[[ Data, beginning ]]

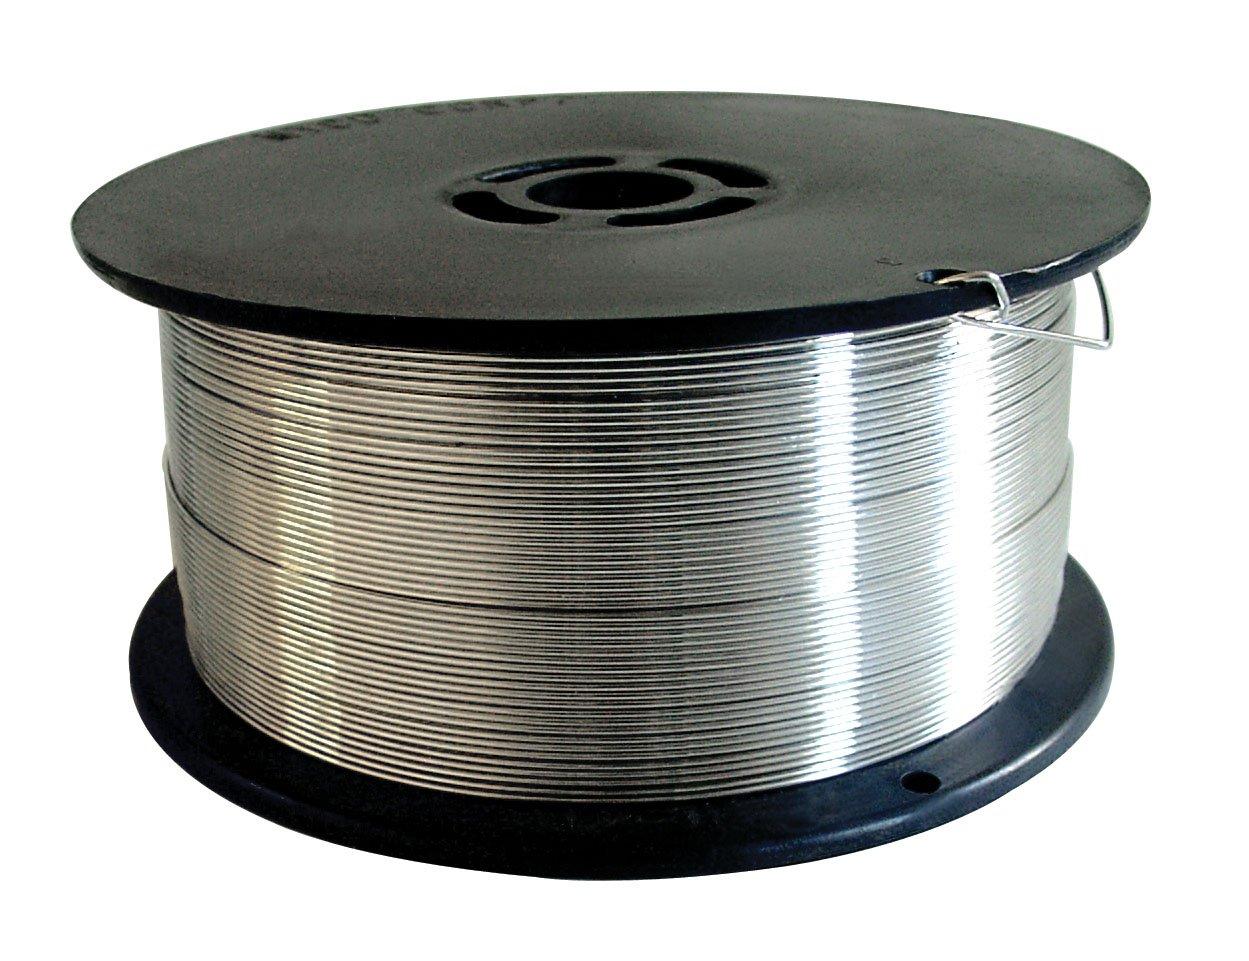 Shark Shark 12042 ER4043 Aluminum MIG Wire Spool, 0.030, 1-Pound
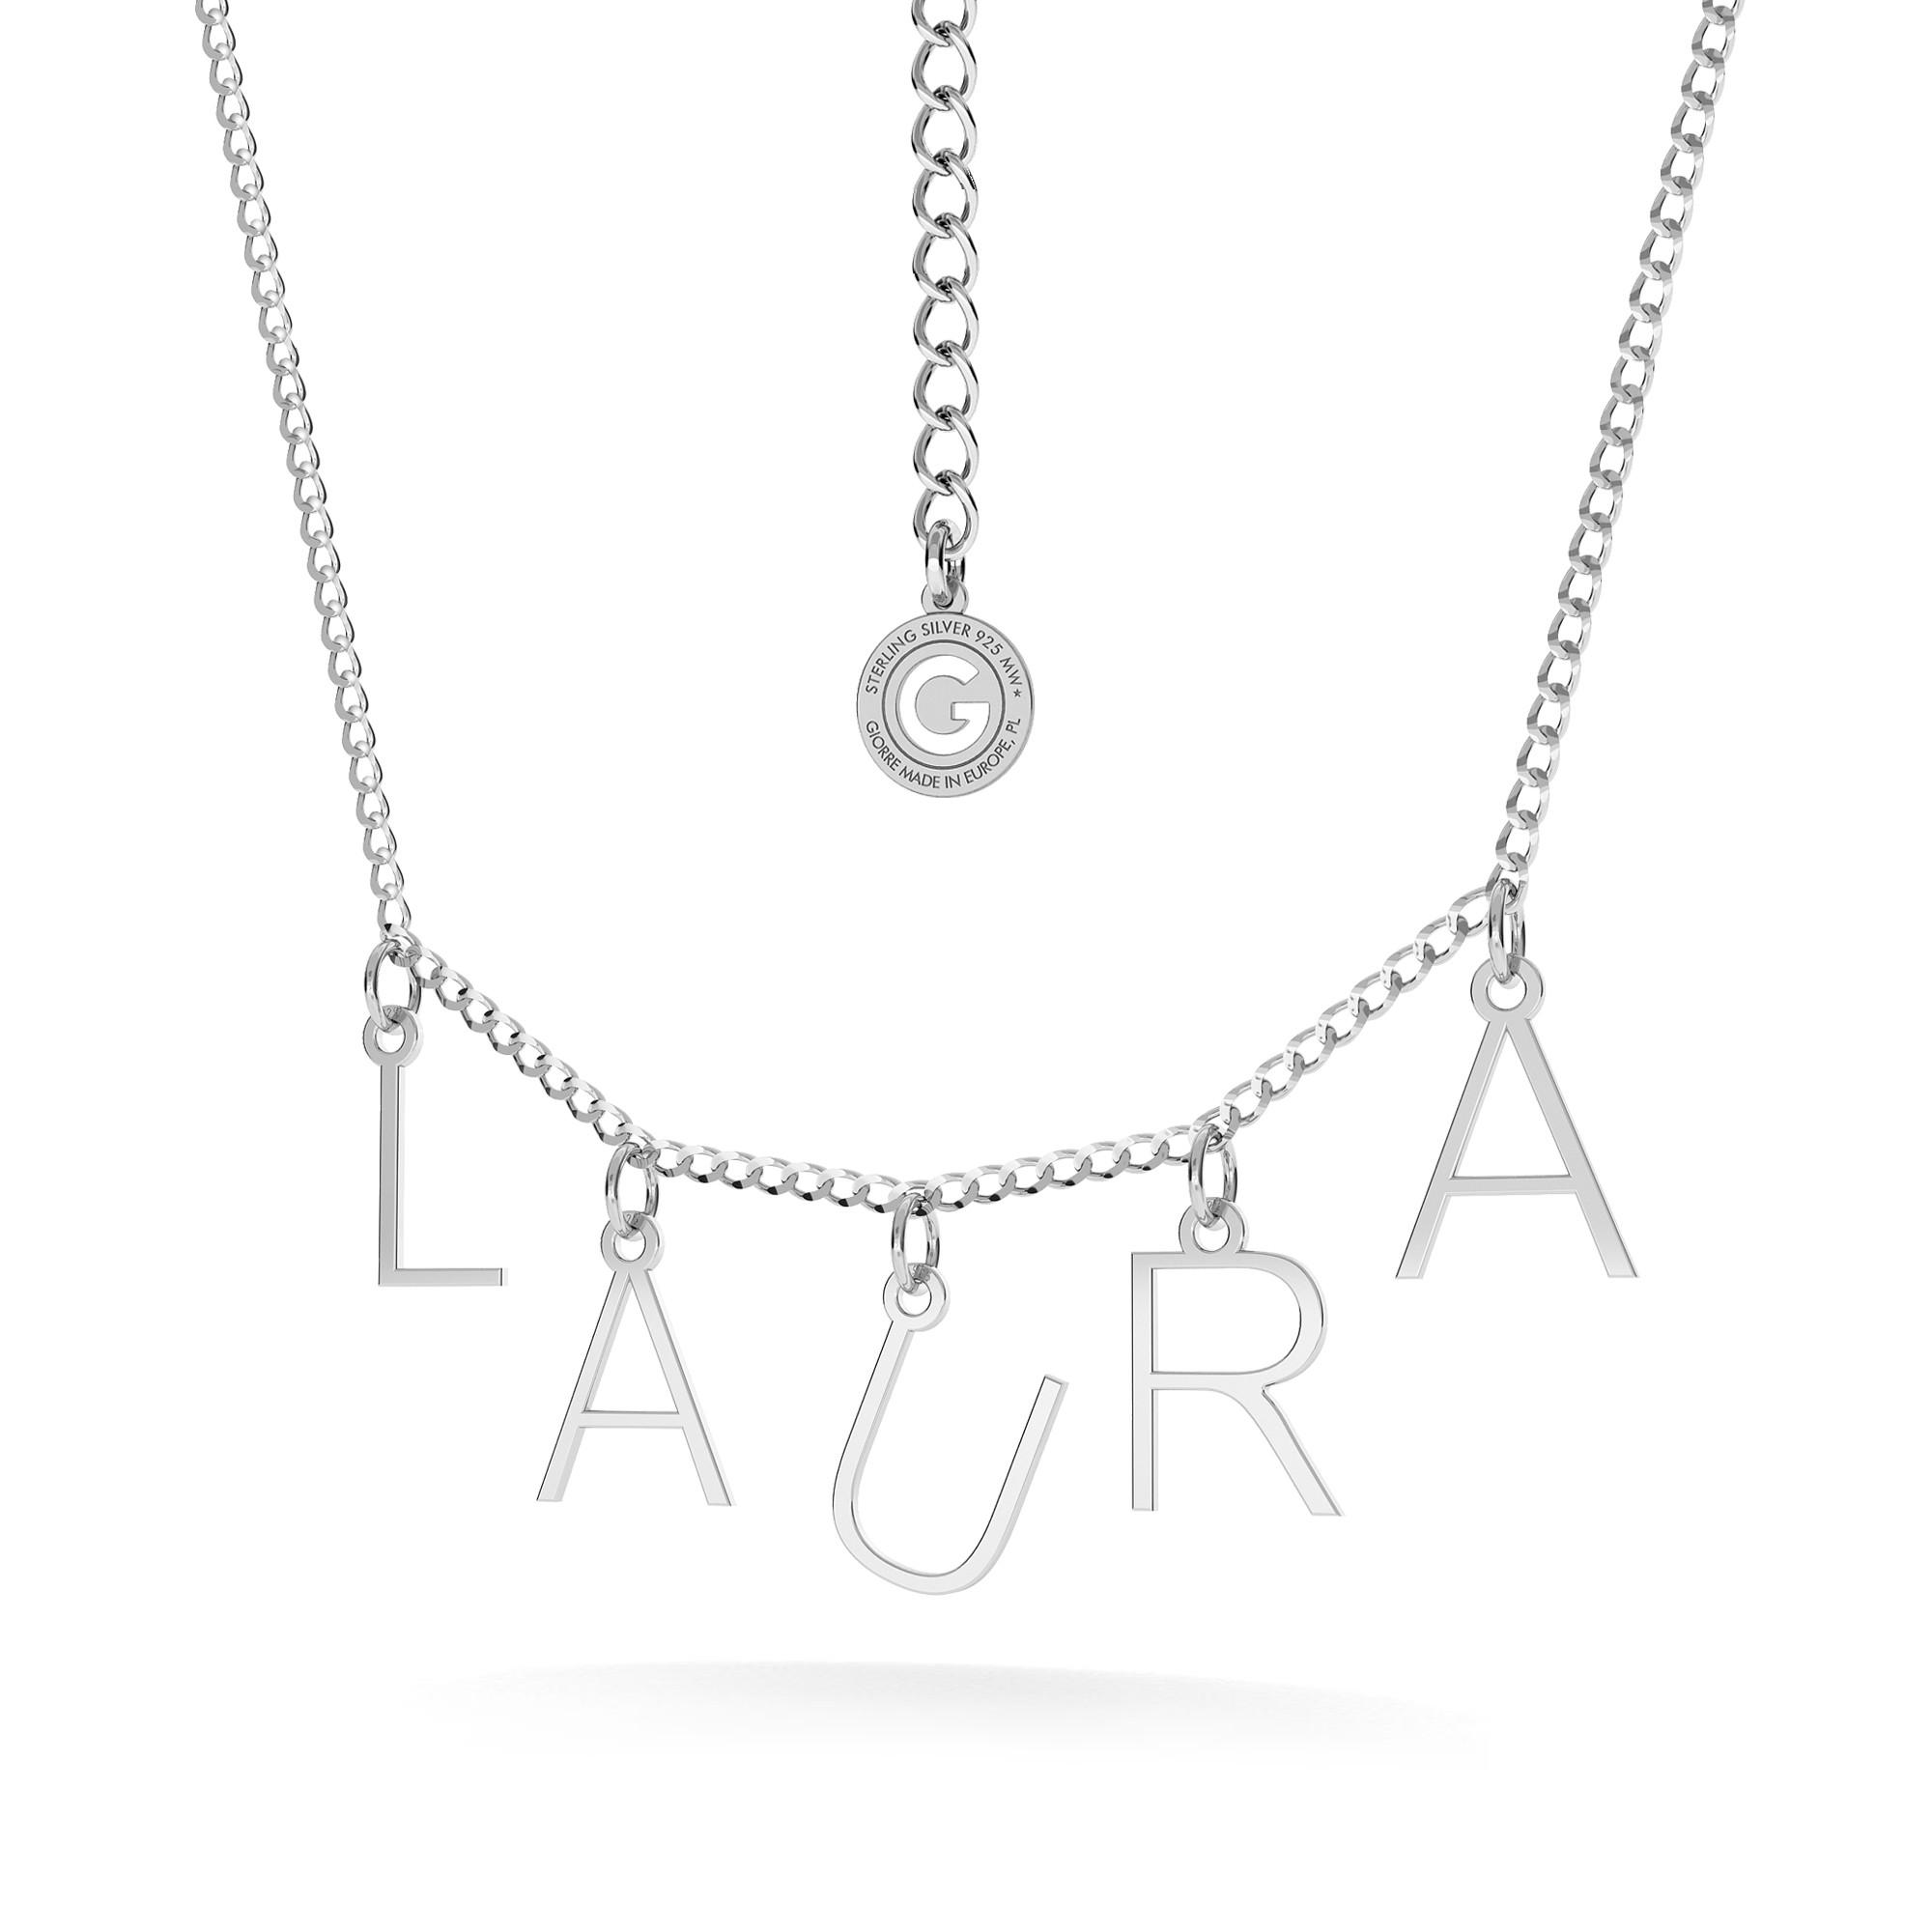 DAGGER necklace 925
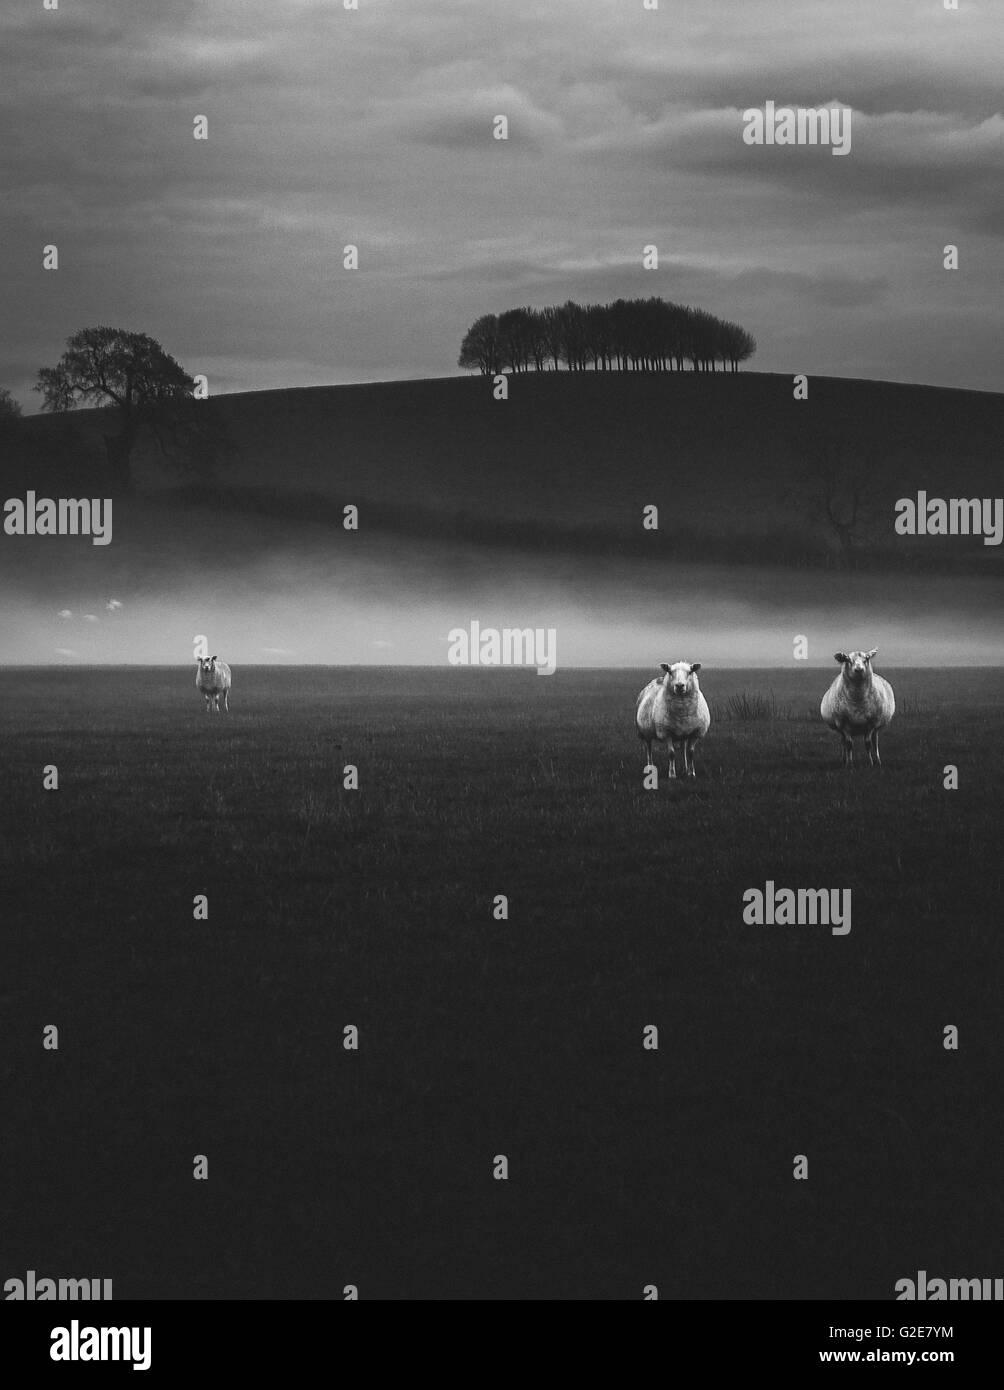 Three Sheep in Foggy Field, Gloucestershire, England, UK - Stock Image

[[ Data, end ]]

▶ [Task statement]:
Every line from the one containing "DAGGER necklace 925" to the end of the material above is to be returned exactly, with the pictures left out.

▶ [Answer to the exercise]:
 DAGGER necklace 925
 Three Sheep in Foggy Field, Gloucestershire, England, UK - Stock Image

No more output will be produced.